А вот тройка посреди снегов. С птичьего полета, под просторным русским небом — и утло ей под этим небом, и тихо, и прекрасно… Черно-белый рисунок: перо с мягкой глубокой подтушевкой и с ясными, сияющими штрихами, словно
Это Добужинский для «Белых ночей» нашел когда-то такую технику. Он называл ее — «граттография».
Вернемся к началу 20-х годов.
Экран «поджигается» раньше, чем сцена: в 1923 году Александр Ивановский (сорокалетний неофит кино, оперный режиссер, еще недавно презиравший экранные зрелища, а затем «совращенный» Протазановым, прошедший у него школу и воспринявший от него твердую веру в спасительную роль экранизаций из русской классики, так что будущие биографы Ивановского назовут его: «главный экранизатор» нашего кино) получает назначение в «Севзапкино» и прибывает из Москвы в Петроград. Идея Ивановского — вернуть в кино театральных актеров — вызывает бурное сопротивление коллег. Что касается предложенного Ивановским конкретного сюжета, здесь сомнений нет: ставить он будет «Тупейного художника». Обсуждают сценарий. Помещик-крепостник, являясь на репетиции с арапником (!), хлещет оплошавших актеров; на сцене зала развешаны «ряды» арапников, кнутов и батогов. В финале, страшась бунта, изверг бежит из имения; звучат «негодующие крики дворовых». Что до криков, а также до коллекции кнутов и батогов, тут же пускаемых в дело, это проходит на ура, а вот финал коллеги отвергают. Так просто отпустить негодяя нельзя, это не пройдет, он должен понести наказание! Подумав, Ивановский пишет новый финал: крестьяне поджигают имение, и помещик гибнет в огне. Вот это пойдет.
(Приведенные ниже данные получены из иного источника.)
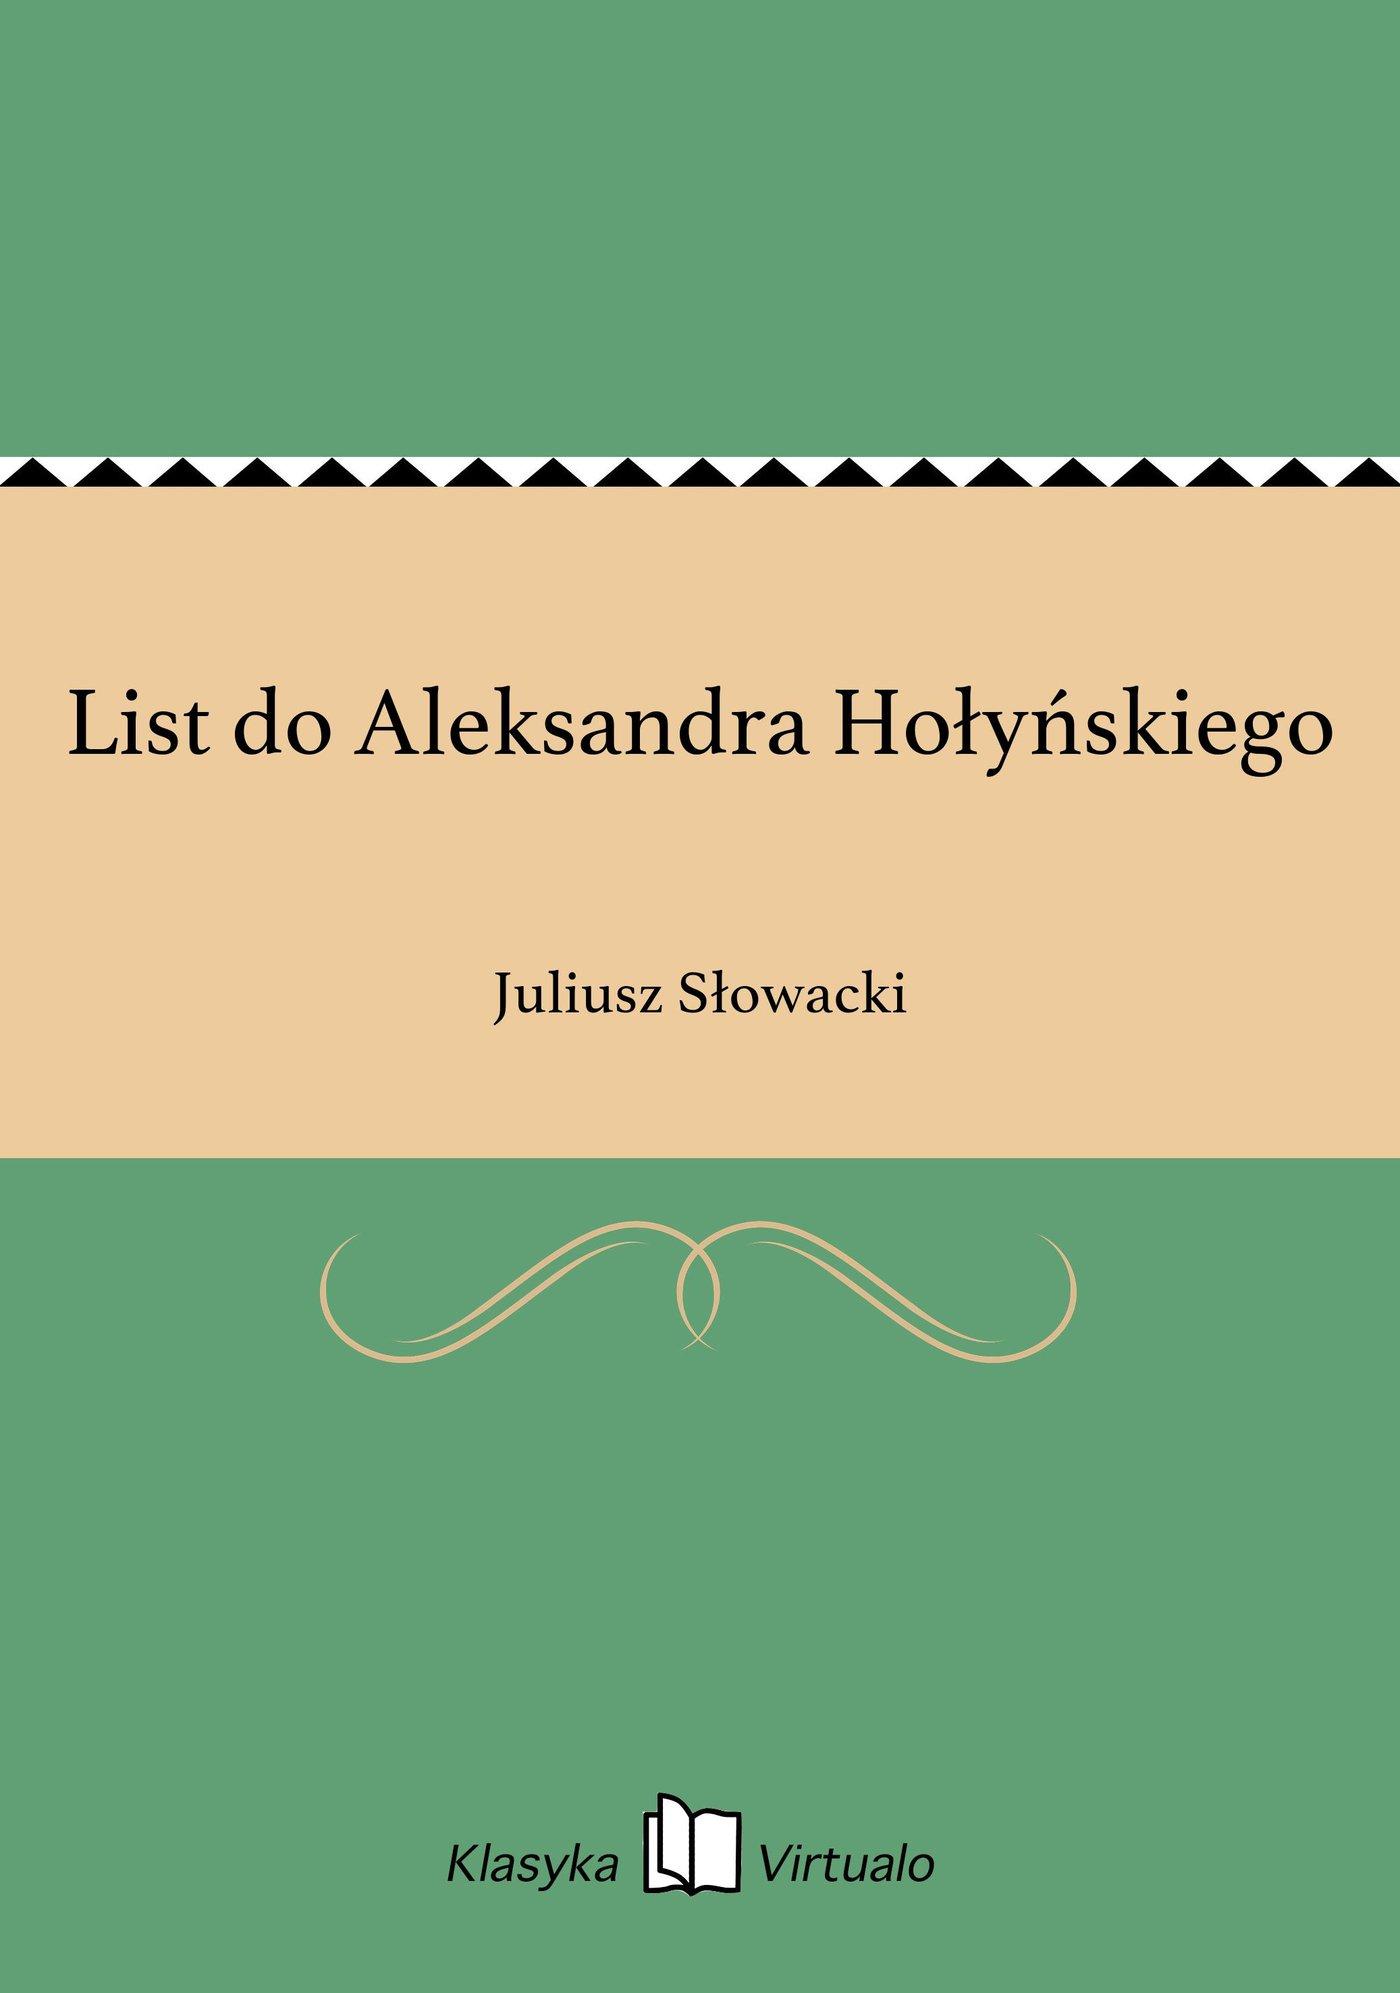 List do Aleksandra Hołyńskiego - Ebook (Książka EPUB) do pobrania w formacie EPUB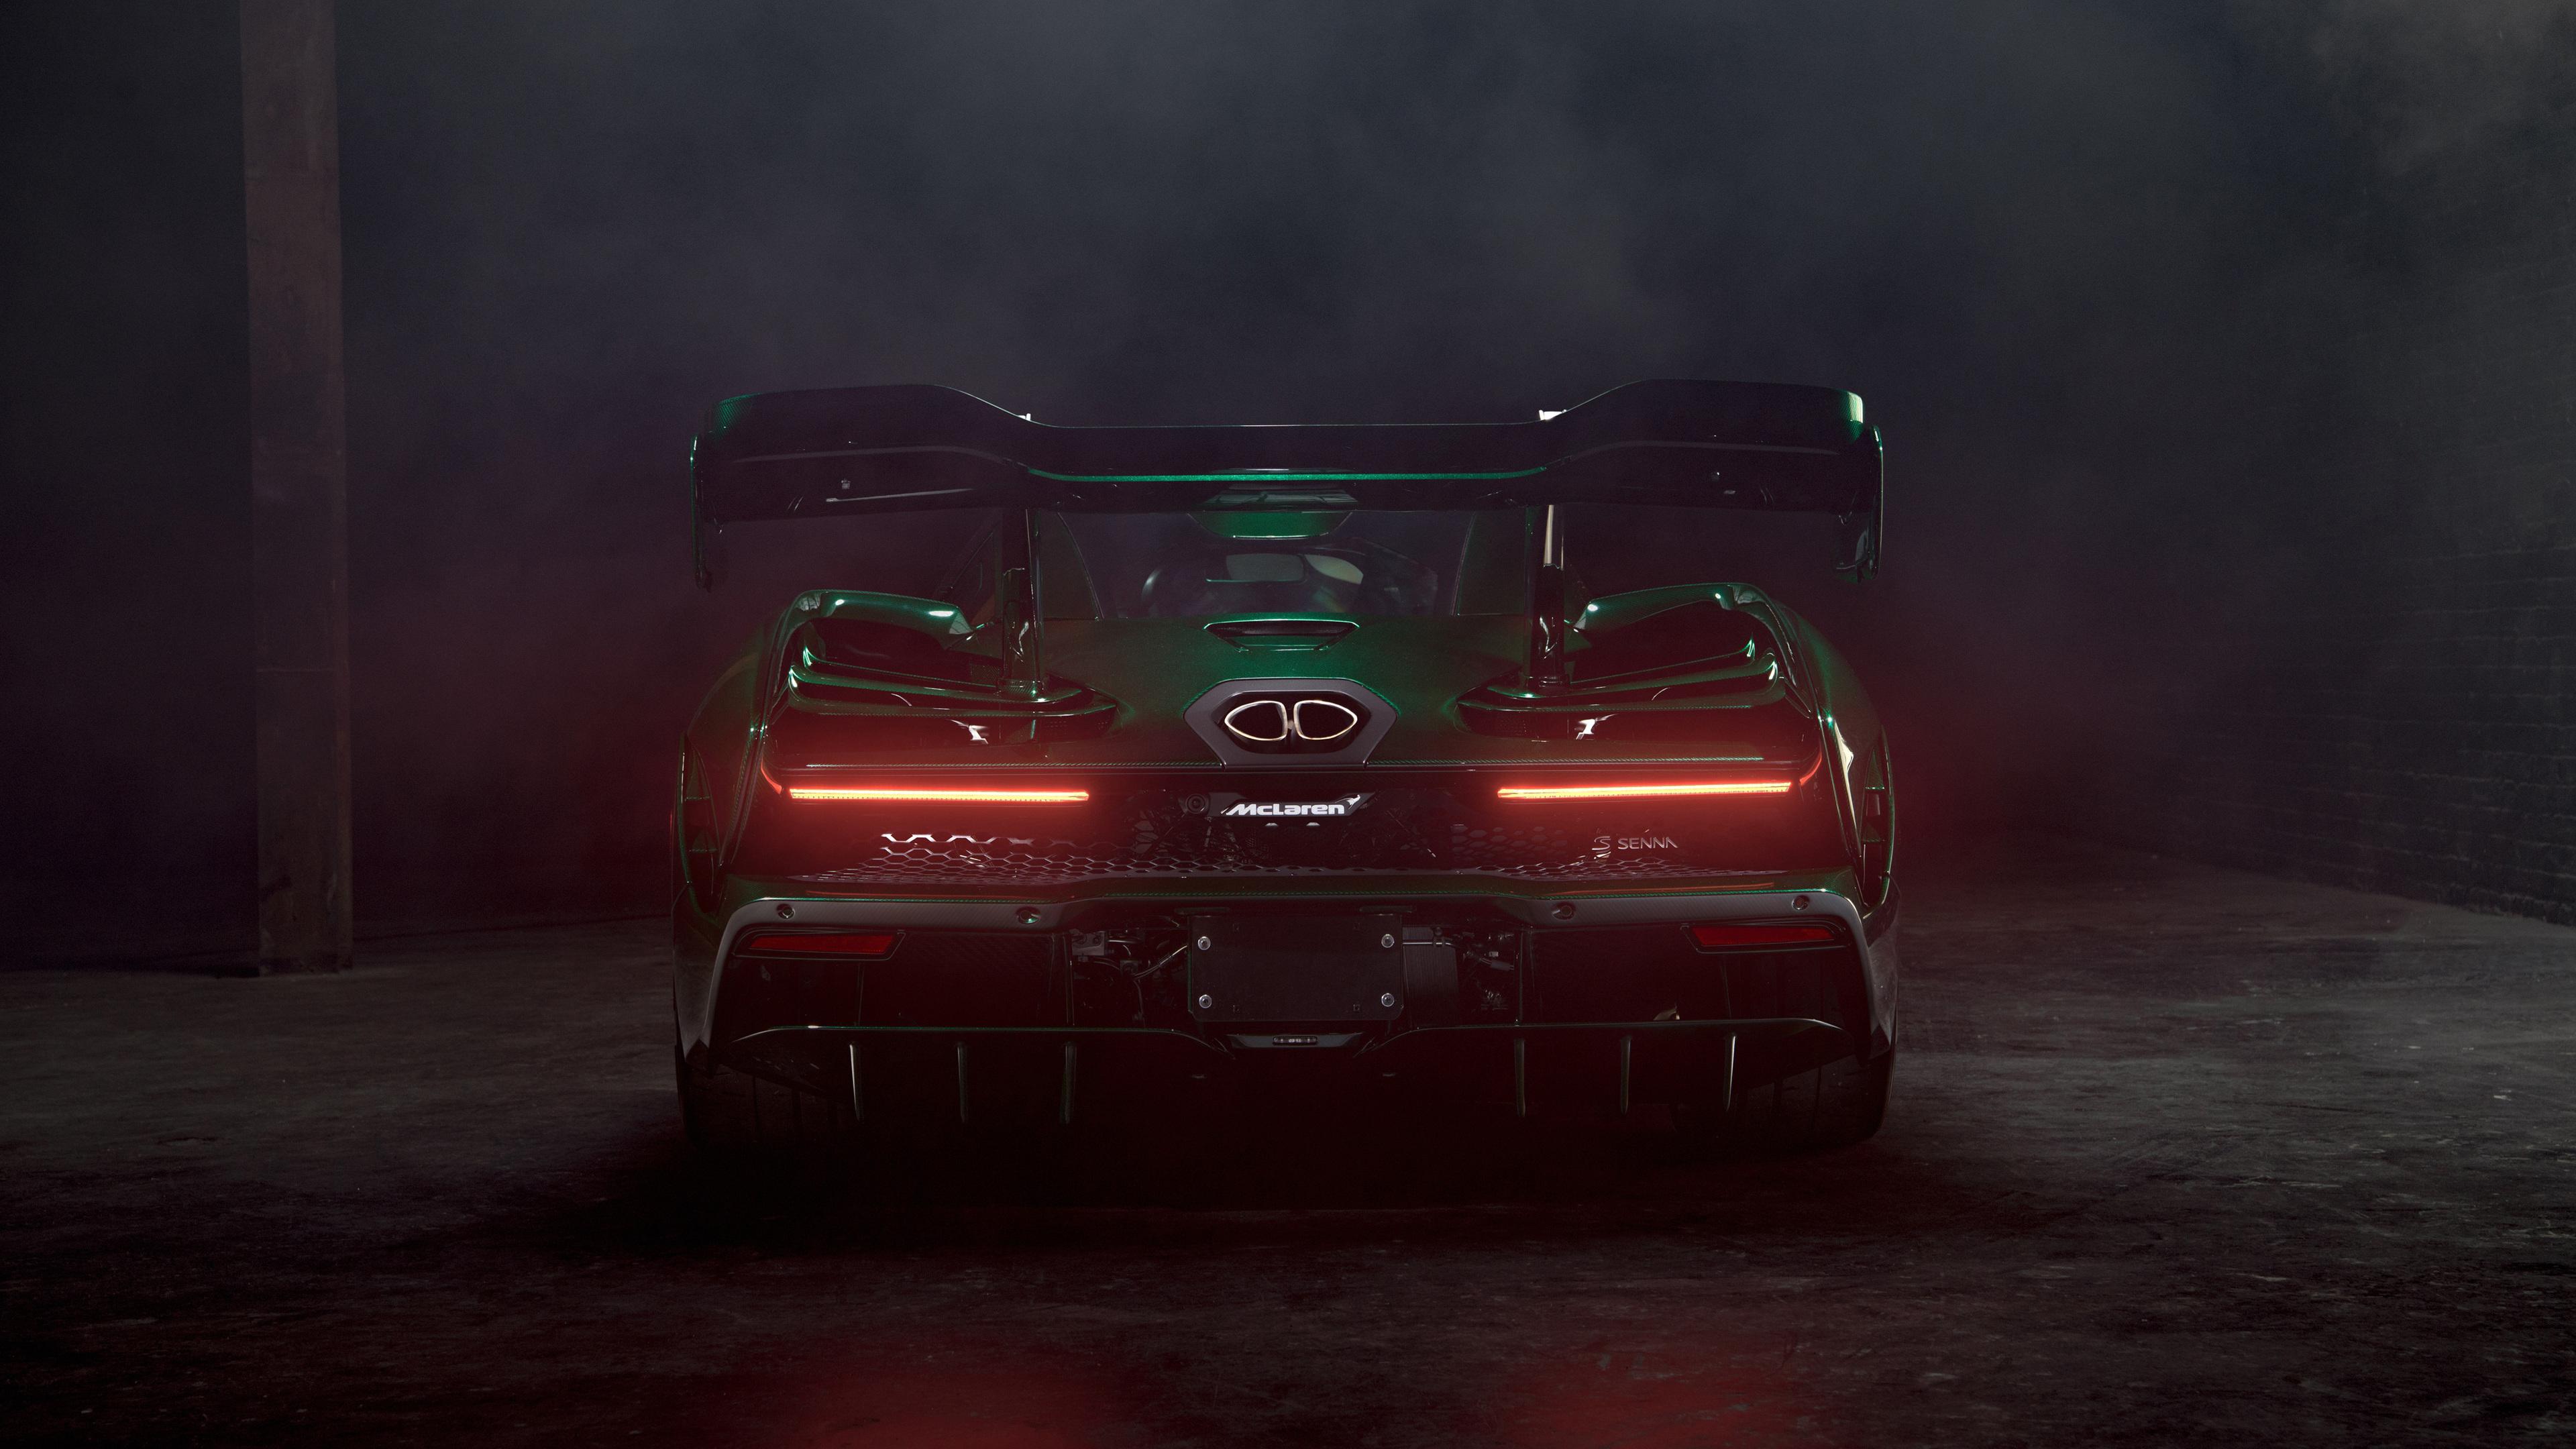 mclaren mso senna 2018 rear 1539112589 - McLaren MSO Senna 2018 Rear - mclaren wallpapers, mclaren senna wallpapers, hd-wallpapers, cars wallpapers, 4k-wallpapers, 2018 cars wallpapers

Остается уговорить актеров. Кондрат Яковлев, старый александринец, прочтя сценарий, простодушно спрашивает: «Очень уж граф у вас злодей — неужто в нем человека нет?» Яковлев в себе не уверен, «рожу богомерзкую» изобразить берется, но опасается, что «добрые глаза» выдадут.
Уговорили. Сыграл.
Через несколько лет лесковский сюжет еще раз попал в руки оперного режиссера, на сей раз не бывшего, а настоящего: Андрей Петровский поставил в Большом театре оперу Ивана Шишова. Опера называлась «Тупейный художник». По словам рецензентов, спектакль остроумно соединял николаевский ампир и русское барокко с мещанским лубком, выявляя таким образом «единение» дворянства и купечества с царской властью. В финале слышался набат, и небо озарялось: горела подожженная восставшими крестьянами усадьба. Спектакль, поставленный весной 1929 года, выдержал 21 представление. В историю советского искусства он вошел как не очень успешная, но в принципе здоровая попытка продолжить линию «русской бытовой оперы» (позднее сказали бы: реалистической) и преодолеть фантастику и вагнеризм (позднее сказали бы: формализм). Дмитрий Шостакович, заметим, как раз тогда выпустил свой фантастический «Нос» по Гоголю и уже вчитывался в «Леди Макбет Мценского уезда»…
Драматический театр запоздал еще на несколько лет. Лишь в 1934 году репертком предложил режиссерам «Тупейного художника» в инсценировке Евгении Карповой (положительно ничего не могу сообщить об этой фигуре, кроме того, что у Е. Карповой была еще одна пьеса под названием «Муж»). «Тупейный художник» в ее исполнении начинается репликой «Ой, не могу!» (стон больной артистки, которую должна заменить Любовь Онисимовна) и кончается тем, что графские дворовые, настигнув дерзких беглецов у попа, отнюдь не волокут их на расправу, а, сагитированные Аркадием, ударяются вместе с ним и Любой в «вольный Хрущук». Ставить все это охотников не нашлось.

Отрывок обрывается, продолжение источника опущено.